Sybil Van Antwerp, a cantankerous but exceedingly well-mannered septuagenarian, is the titular correspondent in Evans’ debut novel. Sybil has retired from a beloved job as chief clerk to a judge with whom she had previously been in private legal practice. She is the divorced mother of two living adult children and one who died when he was 8. She is a reader of novels, a gardener, and a keen observer of human nature. But the most distinguishing thing about Sybil is her lifelong practice of letter writing. As advancing vision problems threaten Sybil’s carefully constructed way of life—in which letters take the place of personal contact and engagement—she must reckon with unaddressed issues from her past that threaten the house of cards (letters, really) she has built around herself. Sybil’s relationships are gradually revealed in the series of letters sent to and received from, among others, her brother, sister-in-law, children, former work associates, and, intriguingly, literary icons including Joan Didion and Larry McMurtry. Perhaps most affecting is the series of missives Sybil writes but never mails to a shadowy figure from her past.
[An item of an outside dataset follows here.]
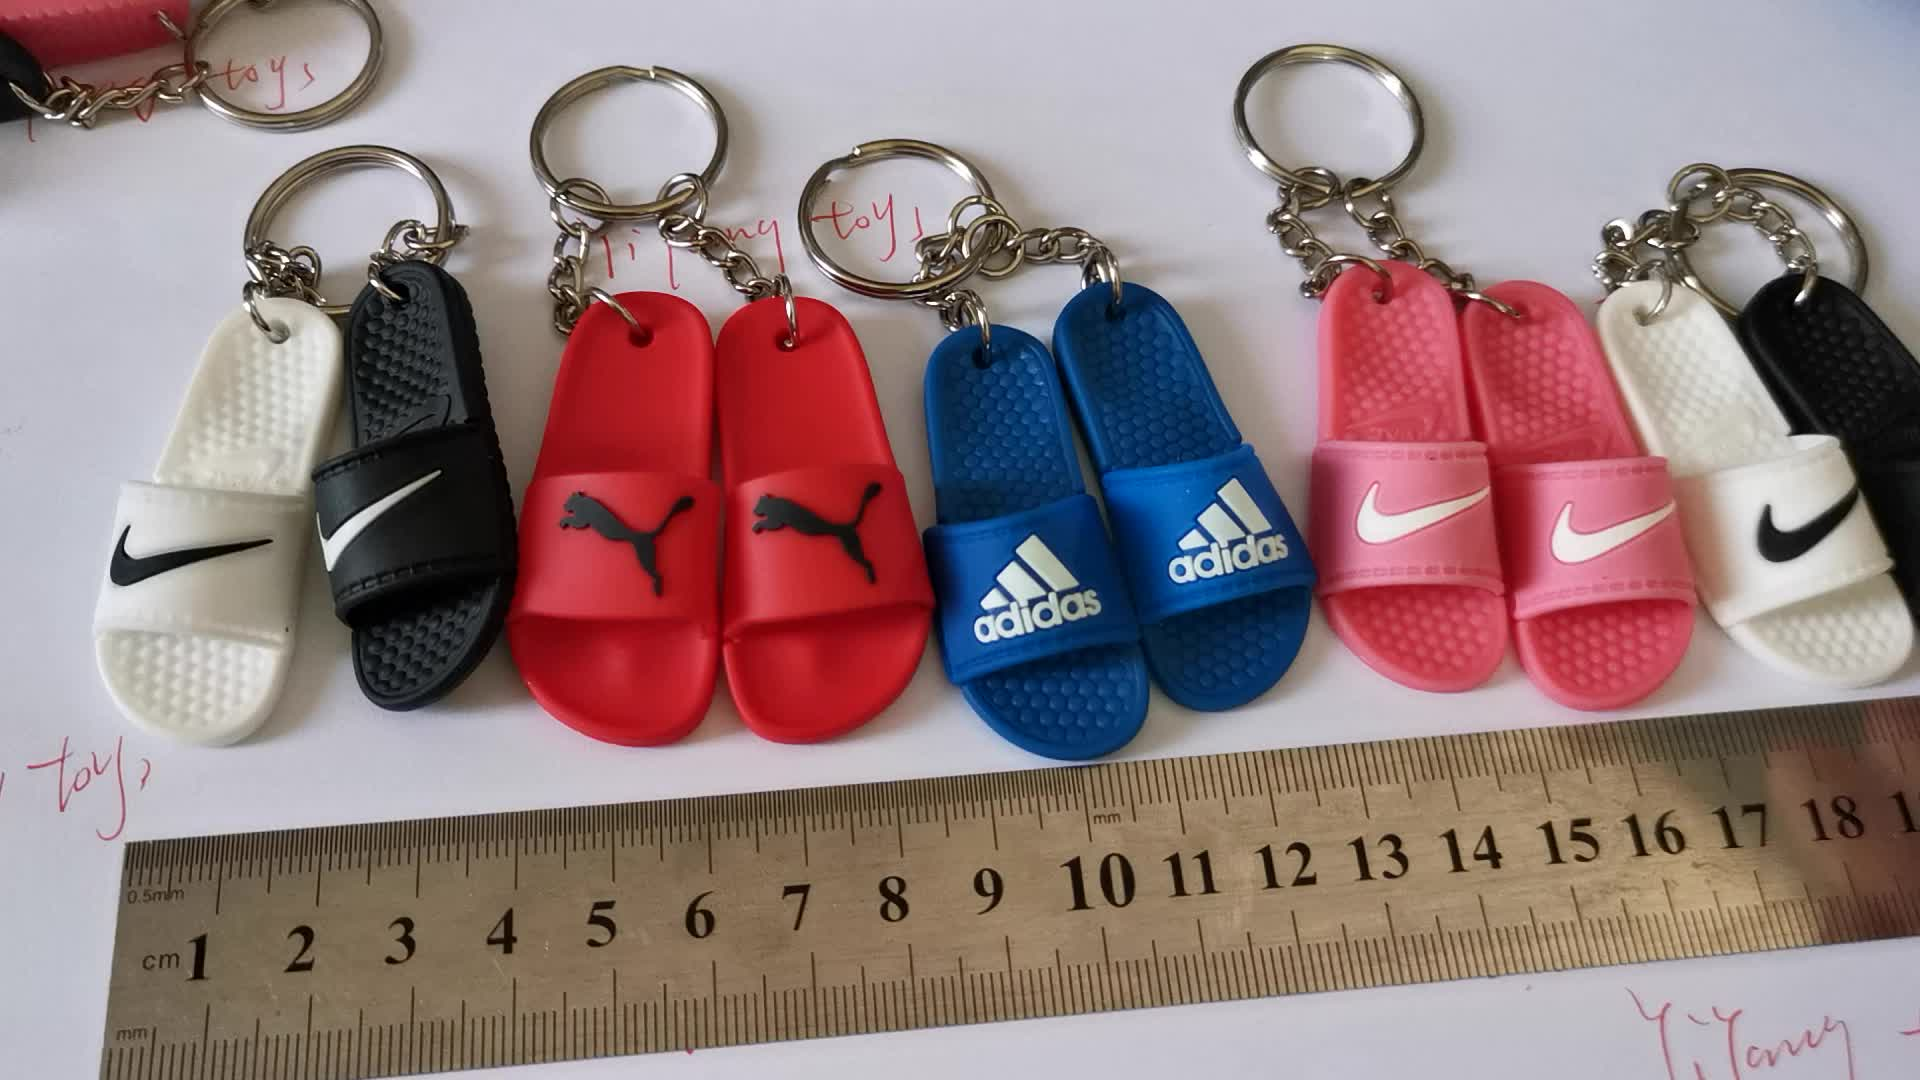 Murah Grosir Sandal Gantungan Kunci Bahan PVC Lembut 3D Sandal Gantungan Kunci 3D Mini Sepatu Mesin Boneka Hadiah Kecil Massal Sepatu gantungan Kunci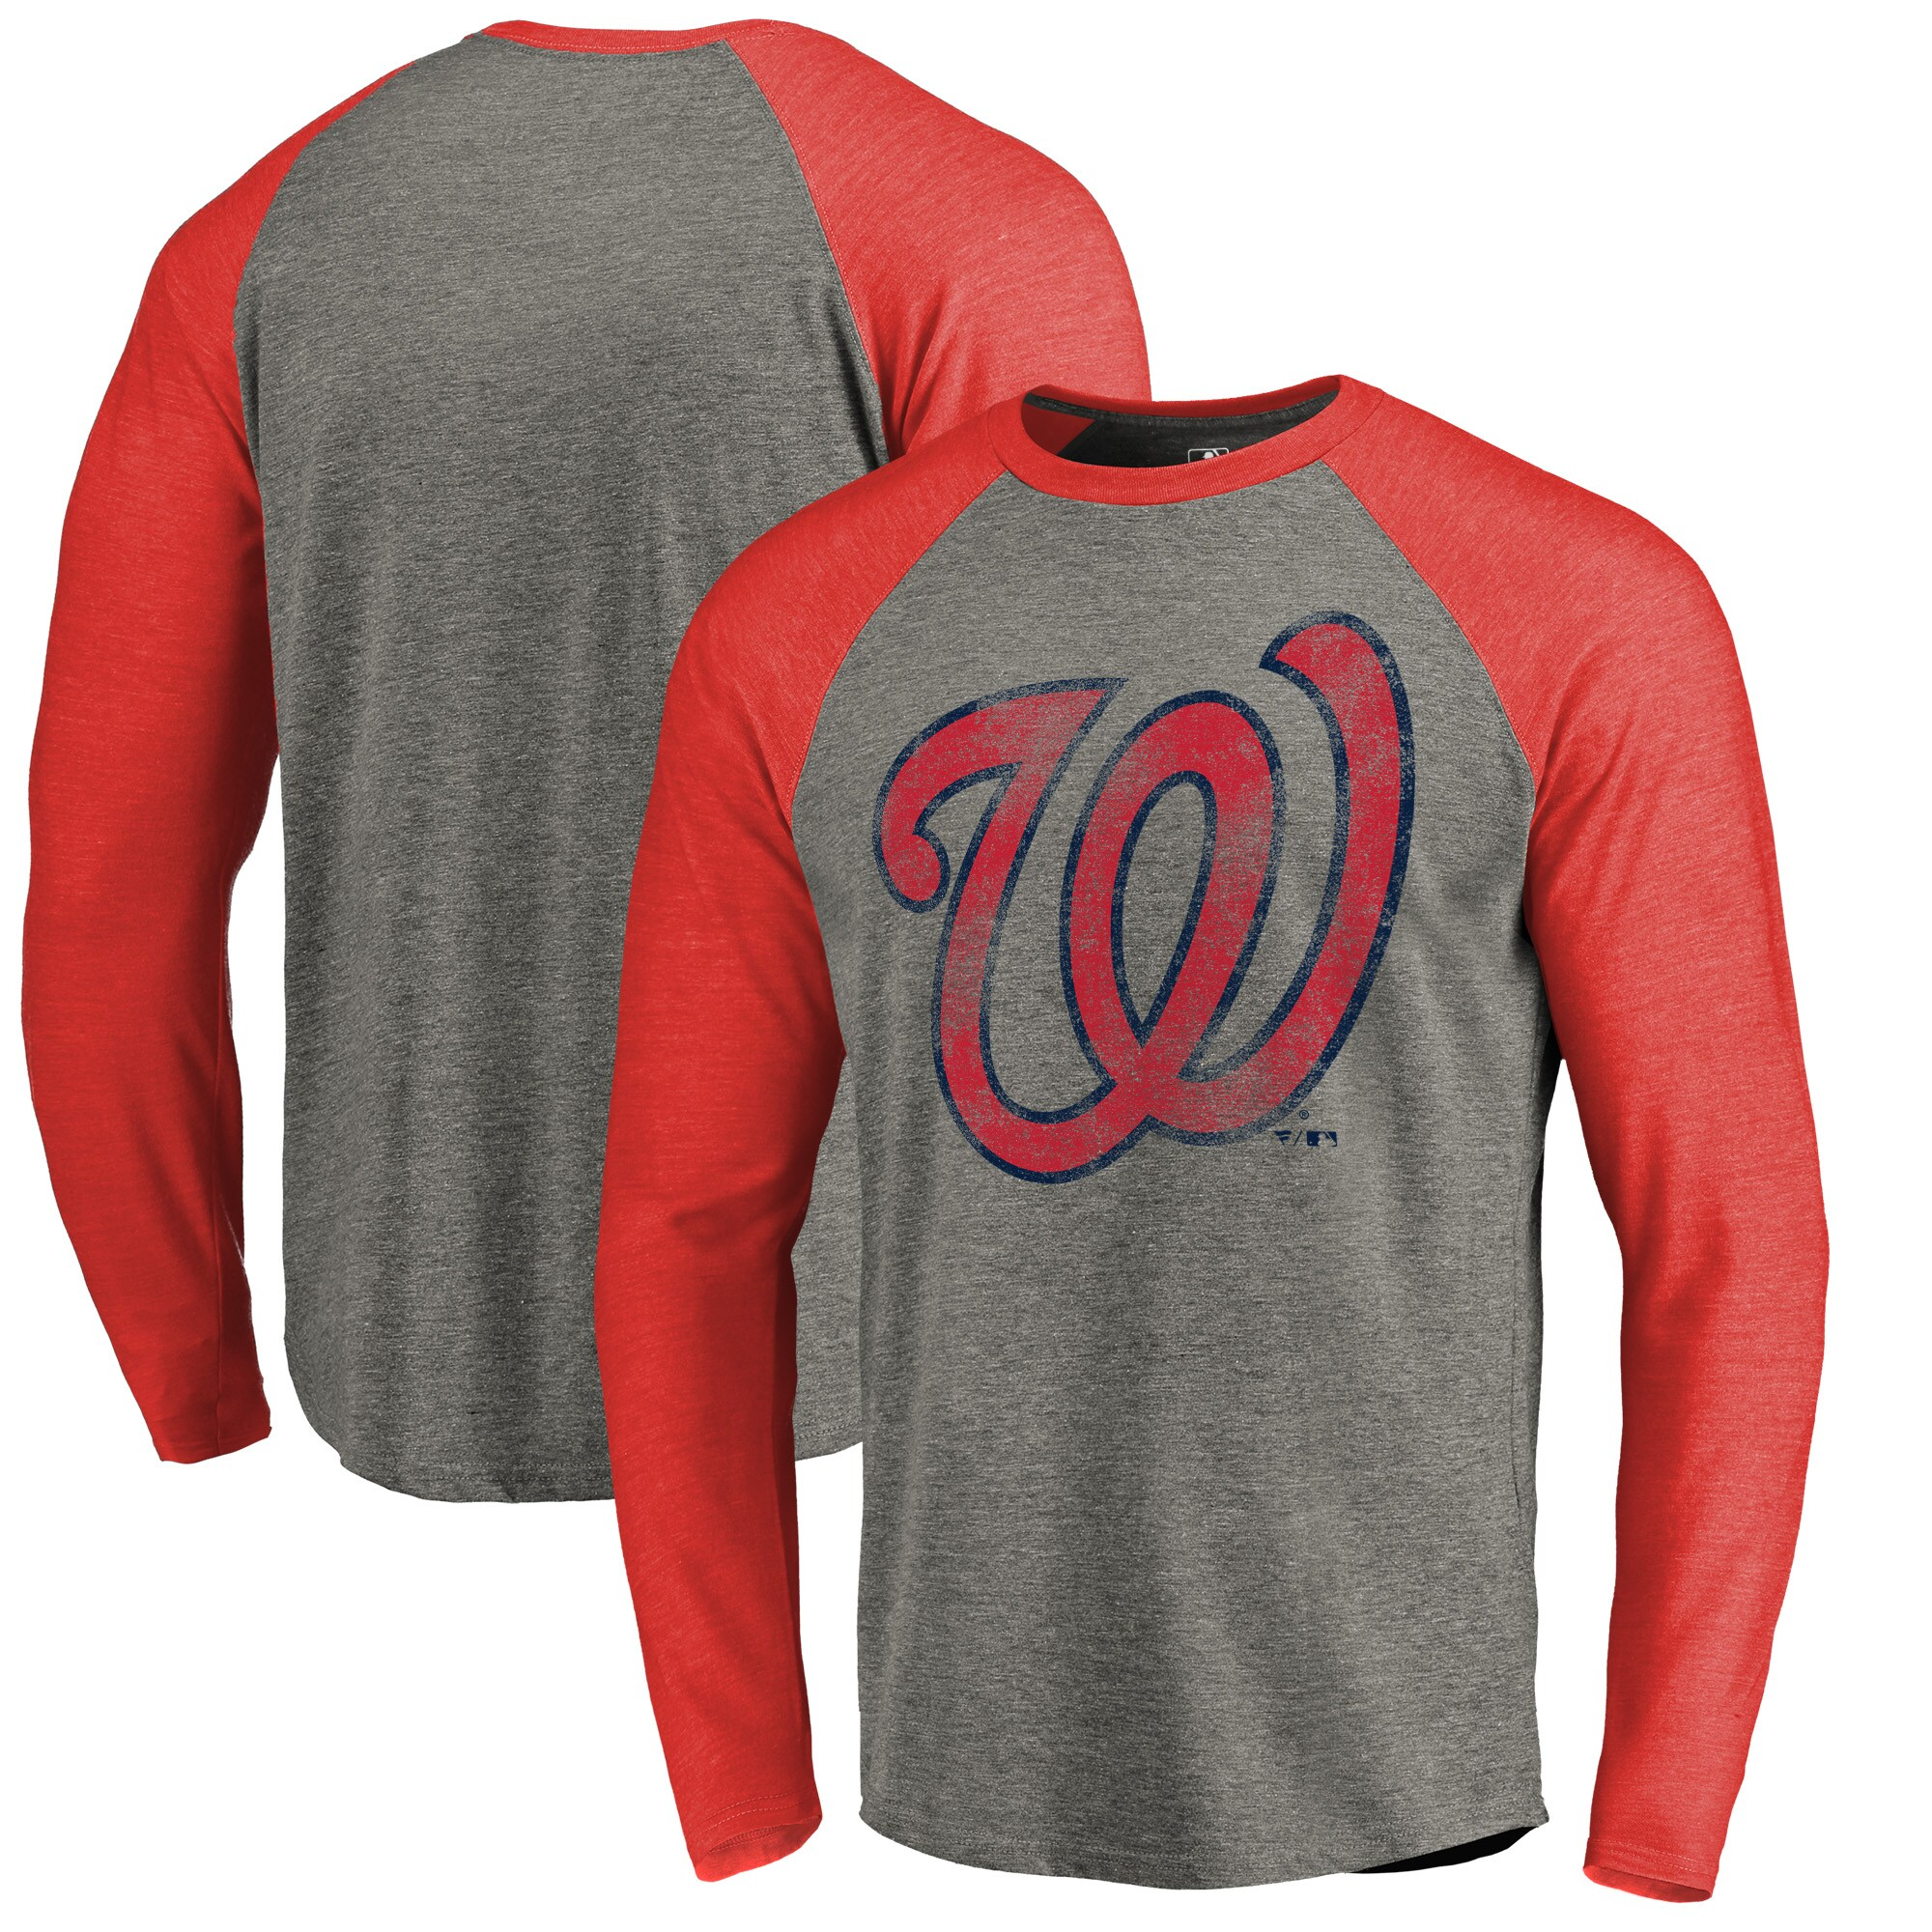 Washington Nationals Fanatics Branded Distressed Team Big & Tall Long Sleeve Tri-Blend Raglan T-Shirt - Gray/Red

Thoughtful musings on the value and immortal quality of letters and the written word populate one of Sybil’s notes to a young correspondent while other messages are laugh-out-loud funny, tinged with her characteristic blunt tartness. Evans has created a brusque and quirky yet endearing main character with no shortage of opinions and advice for others but who fails to excavate the knotty difficulties of her own life. As Sybil grows into a delayed self-awareness, her letters serve as a chronicle of fitful growth.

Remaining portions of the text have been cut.